The Tale of Scott Sieppert’s Assent
When Scott was about to graduate from High School in 1996, he has his eyes set on becoming a mechanic. But after months of searching for someone to take him on as apprentice, he grew frustrated; and that’s when Ken Friesen stepped in.
Ken entered Scott’s life and offered him a role taking care of the wash rack at his Calgary 42nd Street location. Little did Scott know; Ken wouldn’t just be his boss, but his mentor over the next 30 years. Being young and eager to learn, Scott began his apprenticeship journey and by the turn of the century he attained his Red Seal status. Now being a big Ford guy—currently working on building a Ford Falcon with his youngest son, who happens to be a fourth-year apprentice at the same facility Scott started at—Scott has always had an affinity for restoring muscle cars, particularly Mustangs.
Later, Scott made the difficult choice to leave the Concours Team and join a smaller custom shop that specialized in his passion. In the next four years, he was not only able to hone his technical abilities but begin to develop his managerial toolbox. Scott loved his job, but it was pulling him away from his family. Working seven days a week, 13 hours a day ensuring other people’s dreams were becoming coming a reality, he decided it was time that he needed to give his dreams, aspirations, and family the attention they deserved.
In 2004, Scott rejoined the team at the facility on 42nd Street. He was now part of a team of three senior technicians, each with an apprentice. Scott cherishes these years as some of the most rewarding of his career, passing down his skills to the next generation of collision repair technicians.

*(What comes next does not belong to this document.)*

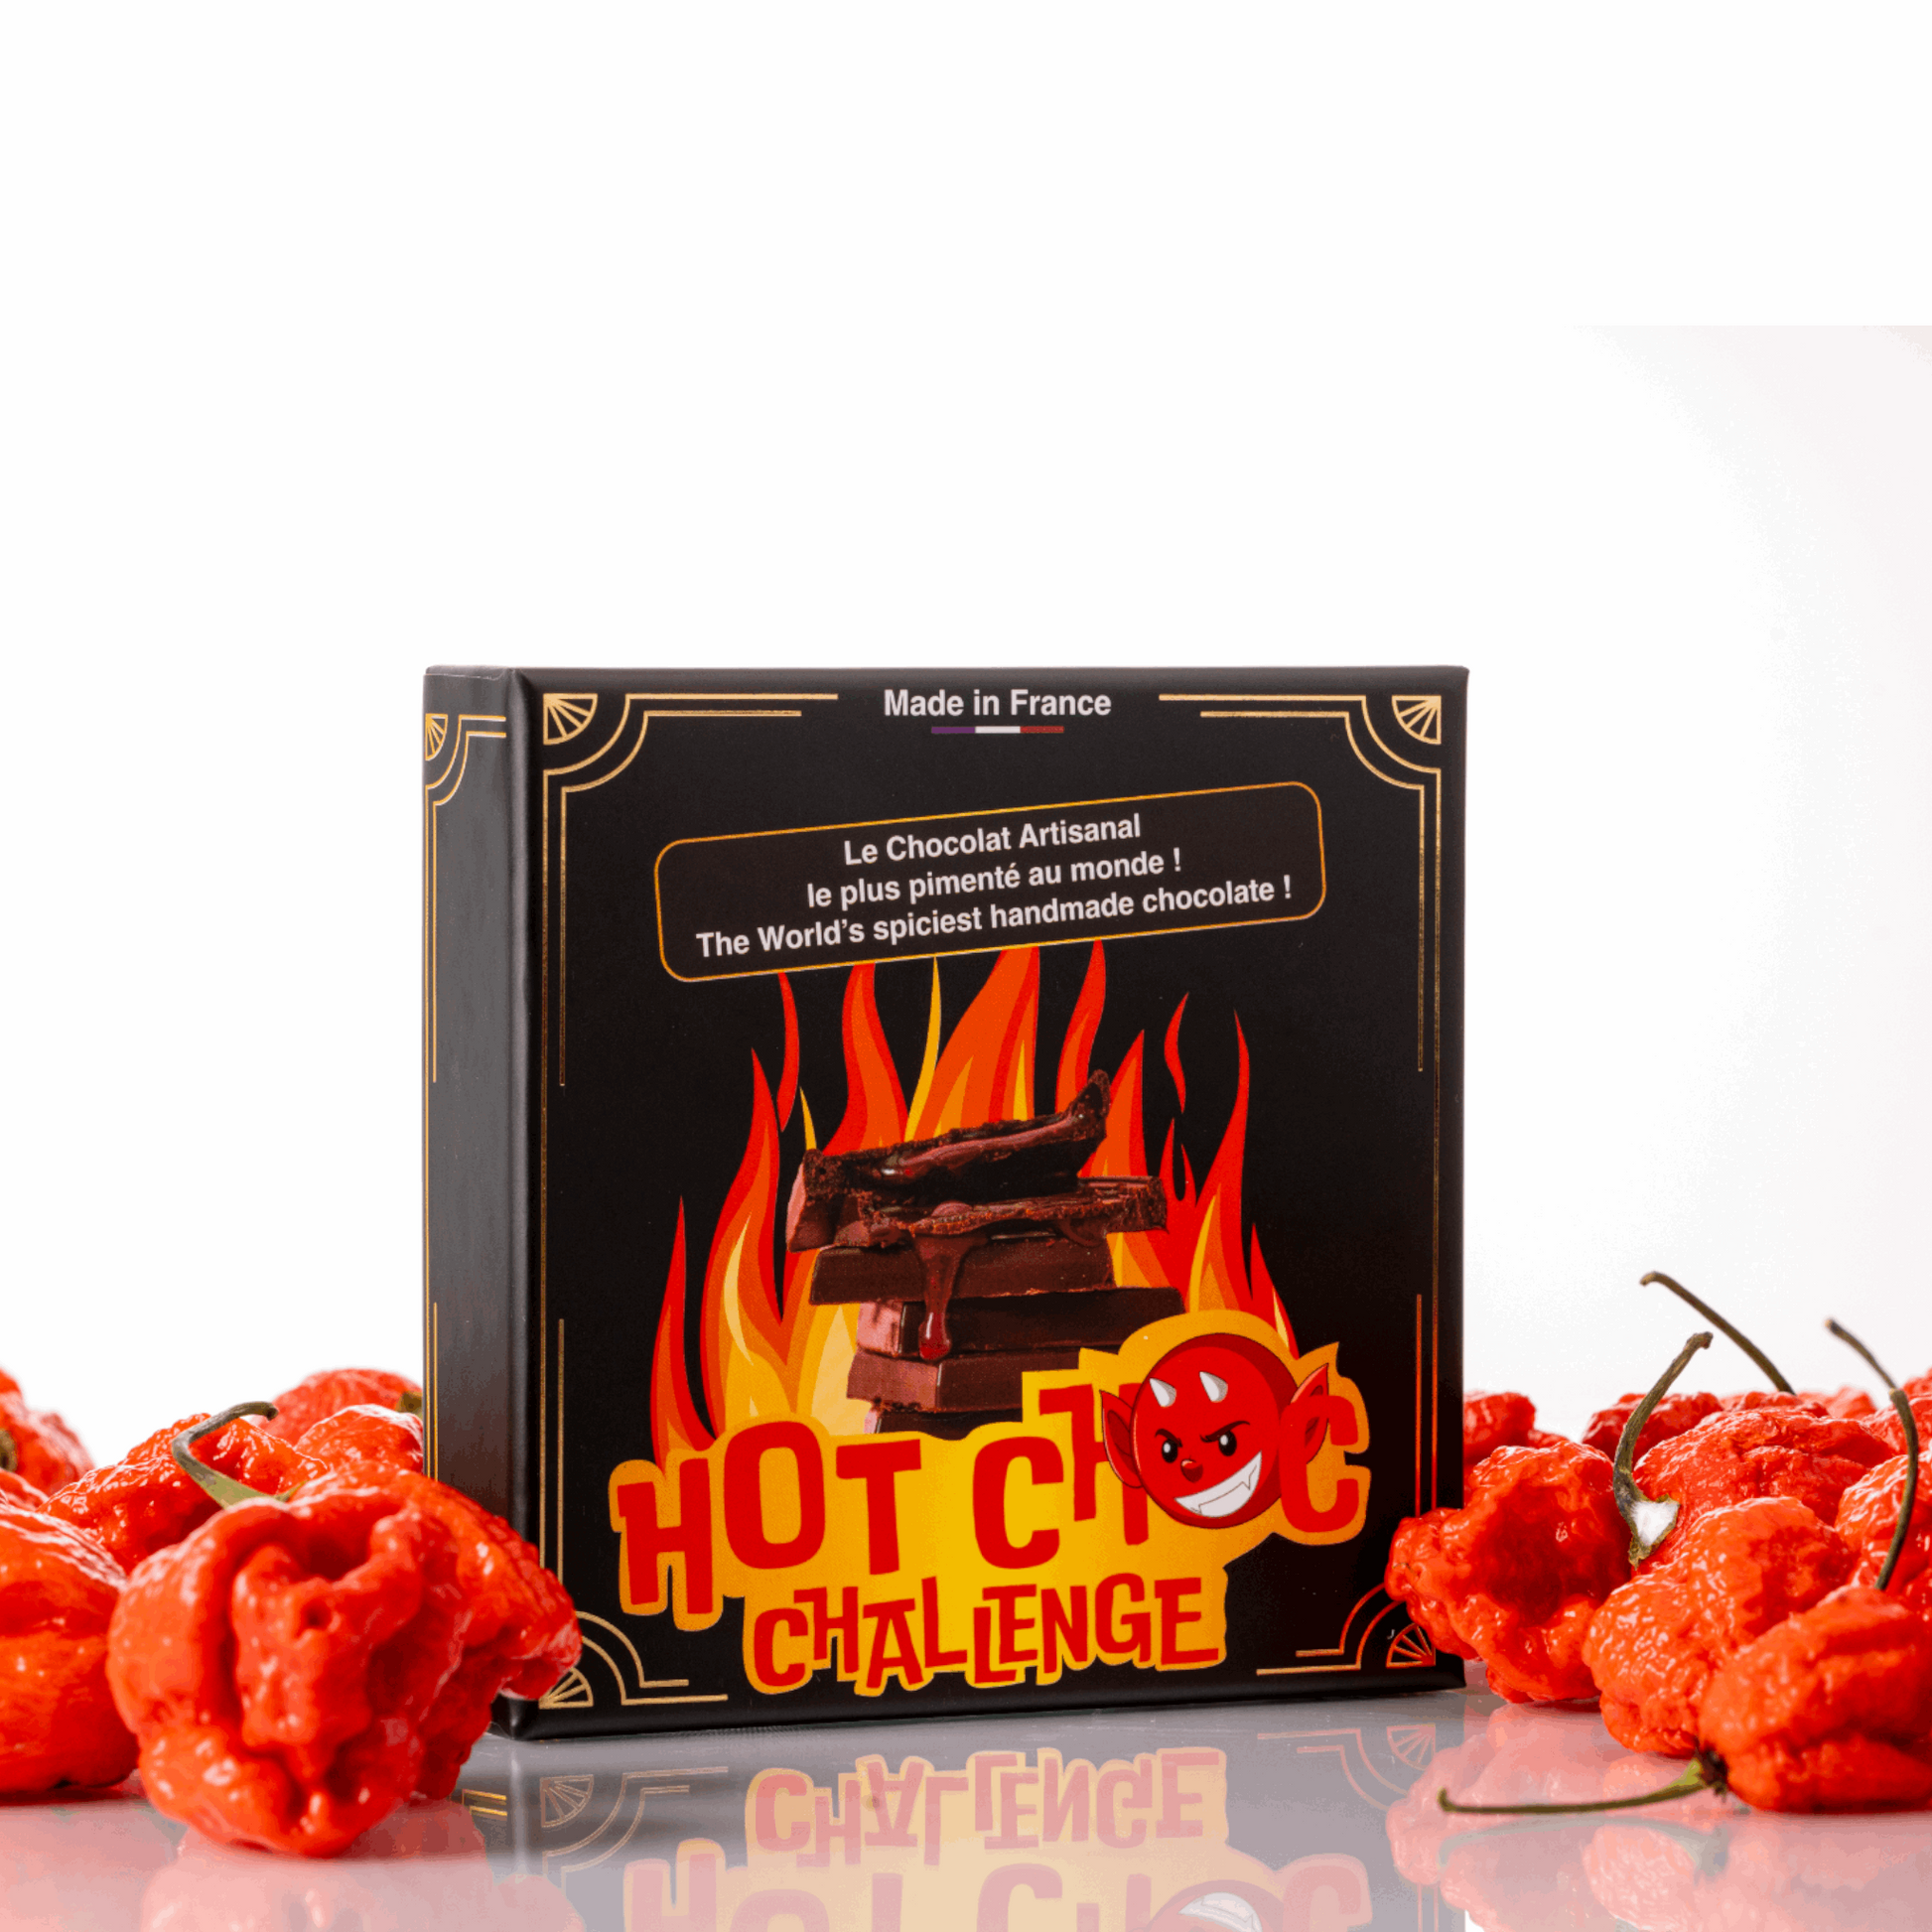 Hot Choc Challenge, le chocolat artisanal made in France le plus pimenté au monde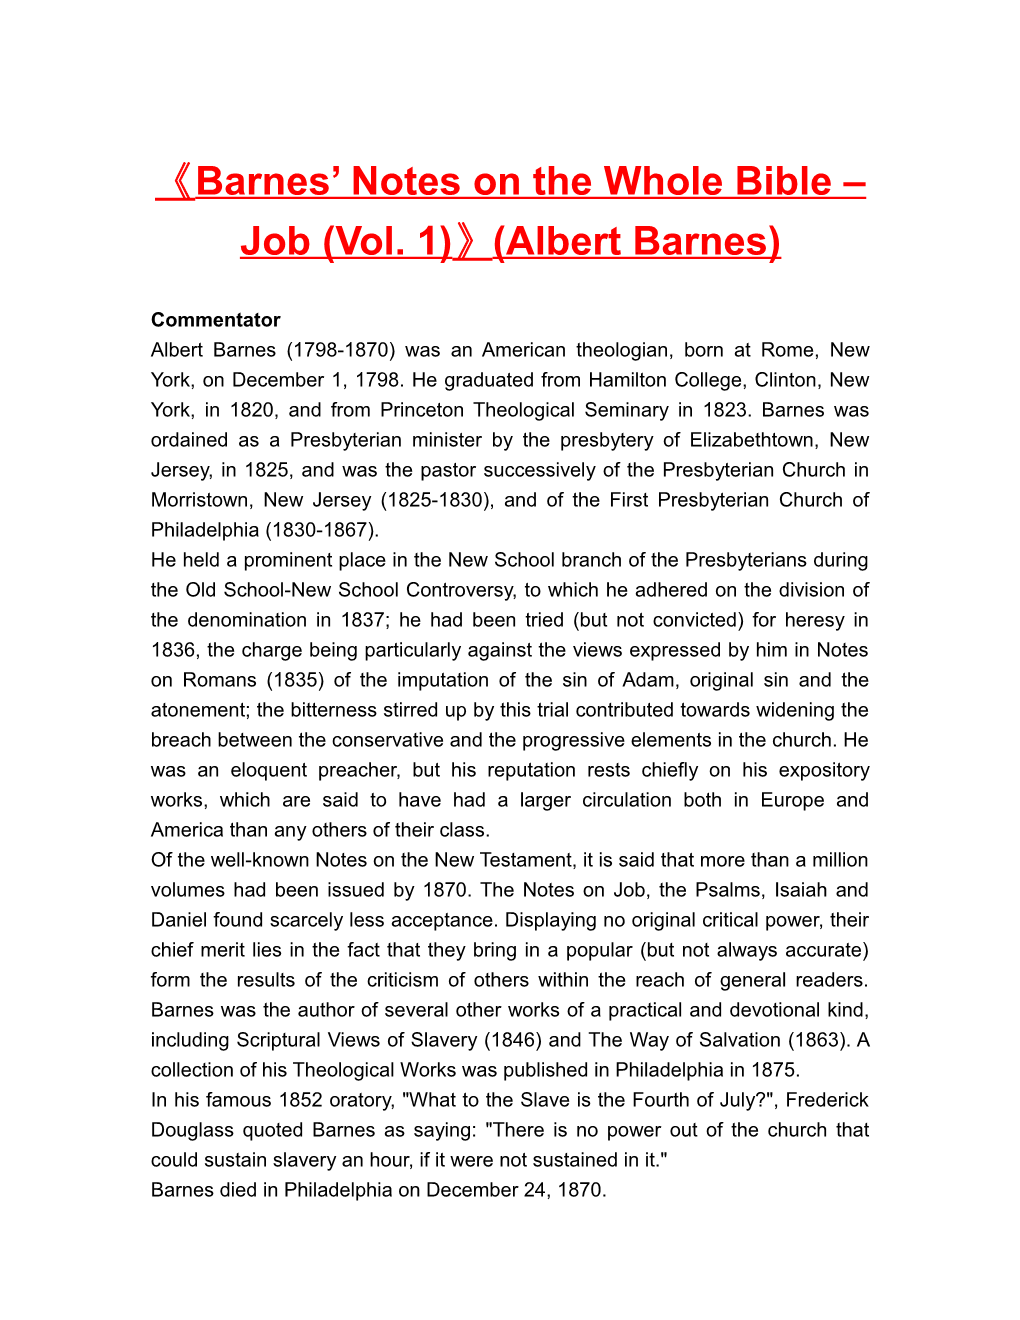 Barnes Notes on the Whole Bible Job (Vol. 1) (Albert Barnes)

After eight years of managing heavy hits, full frame repairs and many apprentices, he was offered the role of facility assistant manager. He looked forward to the role: the opportunity to learn the administration side of running a facility and learning how to estimate. He felt learning how to write an estimate would translate into more accurate information plugged into the repair process. Scott made this a priority to learn, as well as set a goal to become a general manager by the time he was 40 years old.
With his obvious technical ability and understanding of the repair process, being able to navigate the administrative side of the collision repair business and knowing how pen a sheet properly and other skills he’d picked up over the years, Scott seemed ready to advance to the general manger position he’d long strived for. Ben Ken knew better —Scott needed to hone his managerial abilities. He shipped Scott off to Houston, Texas, to the Running Cougar Ranch, where he was a student in a military-style boot camp designed to develop leadership abilities—by breaking attendees down their cores and building them back up. They even had to walk over hot coals. “This experience took the hot head of the redhead,” Scott and his head of ginger-toned hair commented after the camp.
He was not done learning yet, though; Scott later attended B2B Training from PPG and enrolled in Dale Carnegie courses. Now, truly beginning to understand what managing really entailed, he was offered a role as a general manager, satisfying the goal he set for himself.
Now overseeing the Boyd facility on 42nd Street, the one he started at back in high school, Scott could now lead a team, and implement his philosophy with this team—and others took notice. Scott was approached by John Irvine, Boyd’s Regional Manager for Alberta, to become a Technical Trainer for Boyd’s Western Canadian Operations.
Of course, with his internal thirst for endless knowledge, sharing that knowledge, and maintaining current, safe repairs in the industry, Scott jumped at the opportunity. Now, Scott wants to help Boyd make better Technicians, which will create better repair facilities which will in turn make our network the best in the industry. Who knows what’s next for this technical tactician.